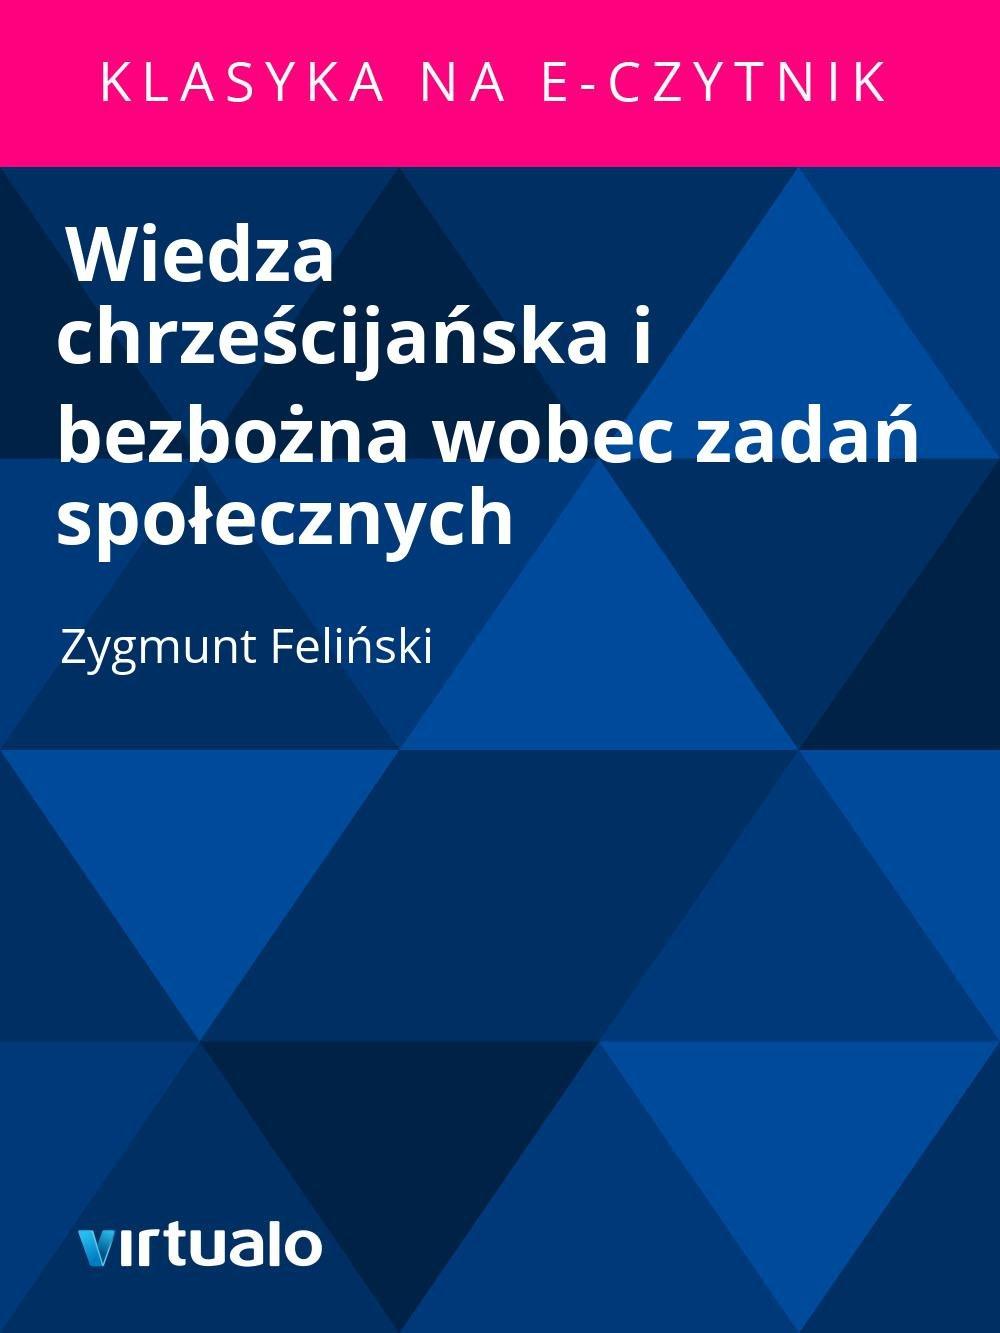 Wiedza chrześcijańska i bezbożna wobec zadań społecznych - Ebook (Książka EPUB) do pobrania w formacie EPUB
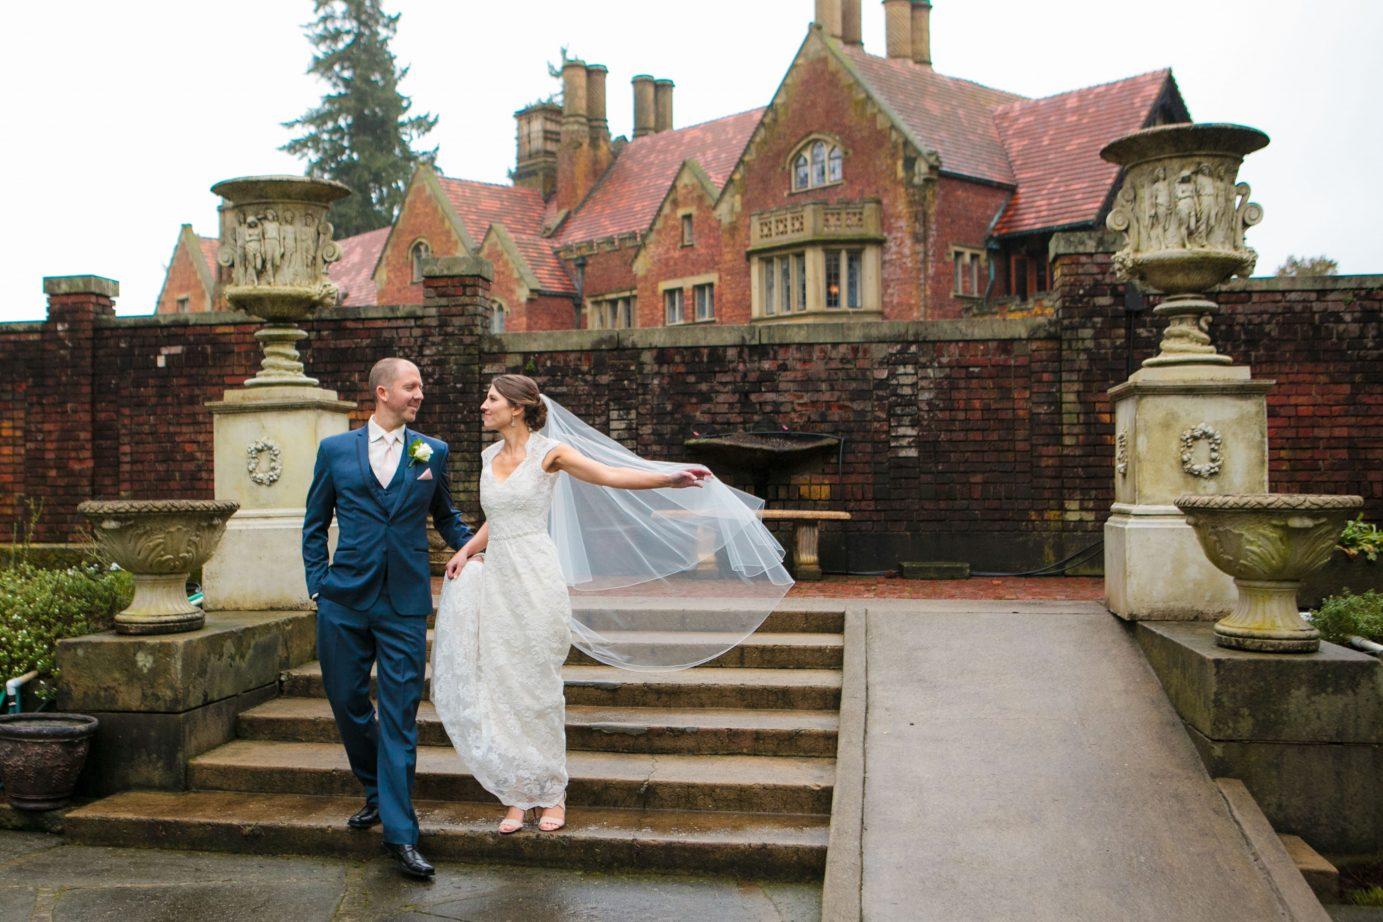 thornewood-castle-wedding-photographer-in-tacoma
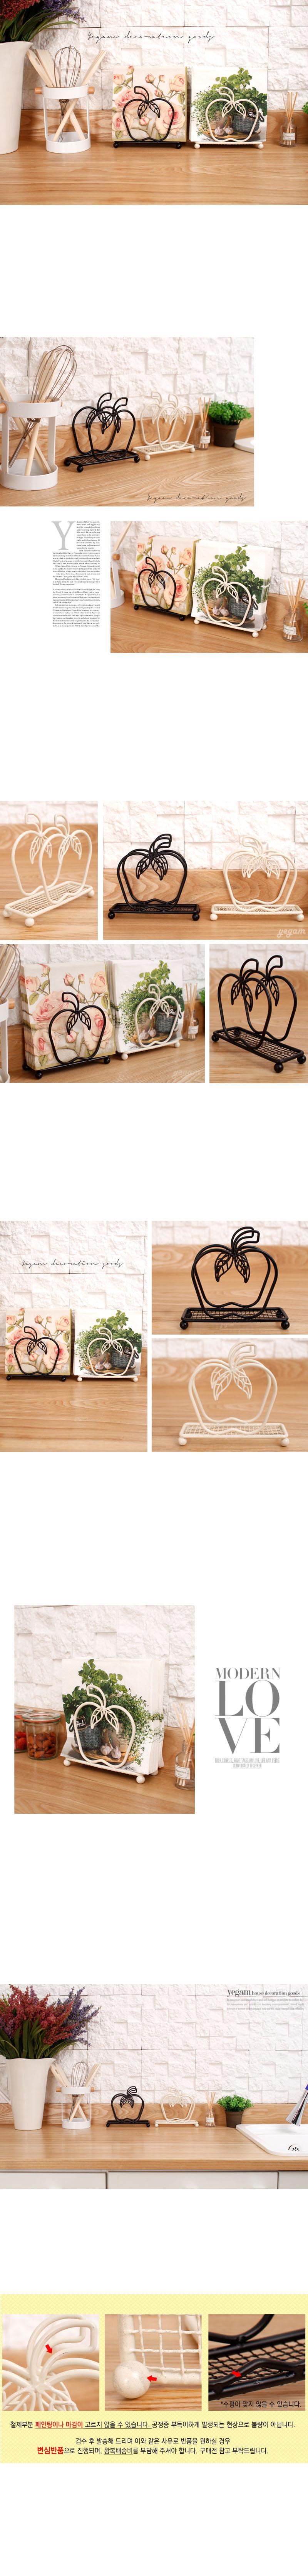 사과 냅킨 꽂이-2color - 체리하우스, 5,500원, 주방소품, 냅킨꽂이
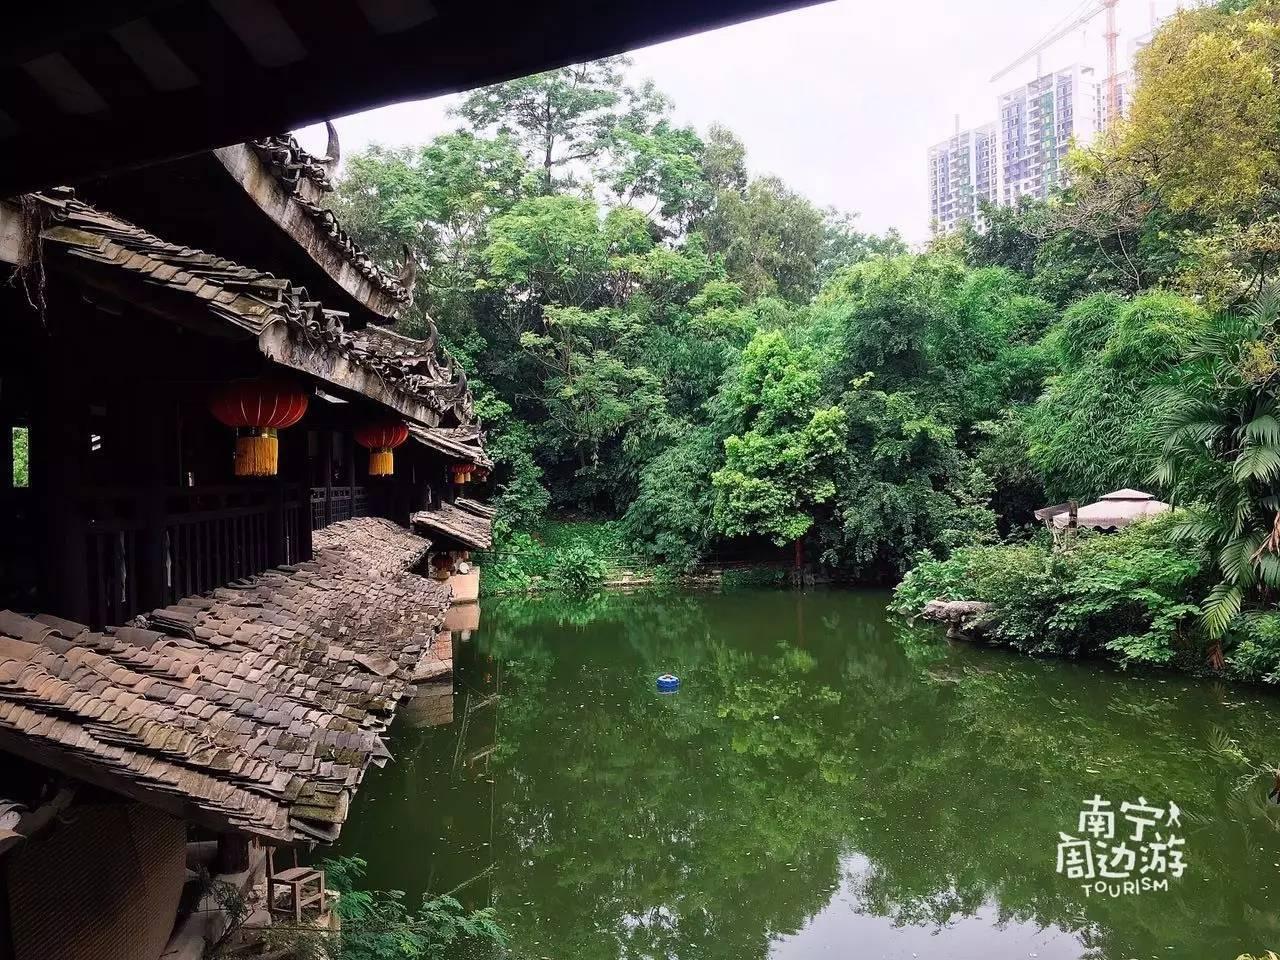 南宁市区隐藏了一片壮族山水民居,地铁直达却鲜为人知,神仙来了都不想走!

→ WHAT TO WORK ON
The response is the full listing, copied exactly, with the pictures omitted.

→ ANSWER FOR THIS EXERCISE
 Wiedza chrześcijańska i bezbożna wobec zadań społecznych - Ebook (Książka EPUB) do pobrania w formacie EPUB
 thornewood-castle-wedding-photographer-in-tacoma
 사과 냅킨 꽂이-2color - 체리하우스, 5,500원, 주방소품, 냅킨꽂이
 南宁市区隐藏了一片壮族山水民居,地铁直达却鲜为人知,神仙来了都不想走!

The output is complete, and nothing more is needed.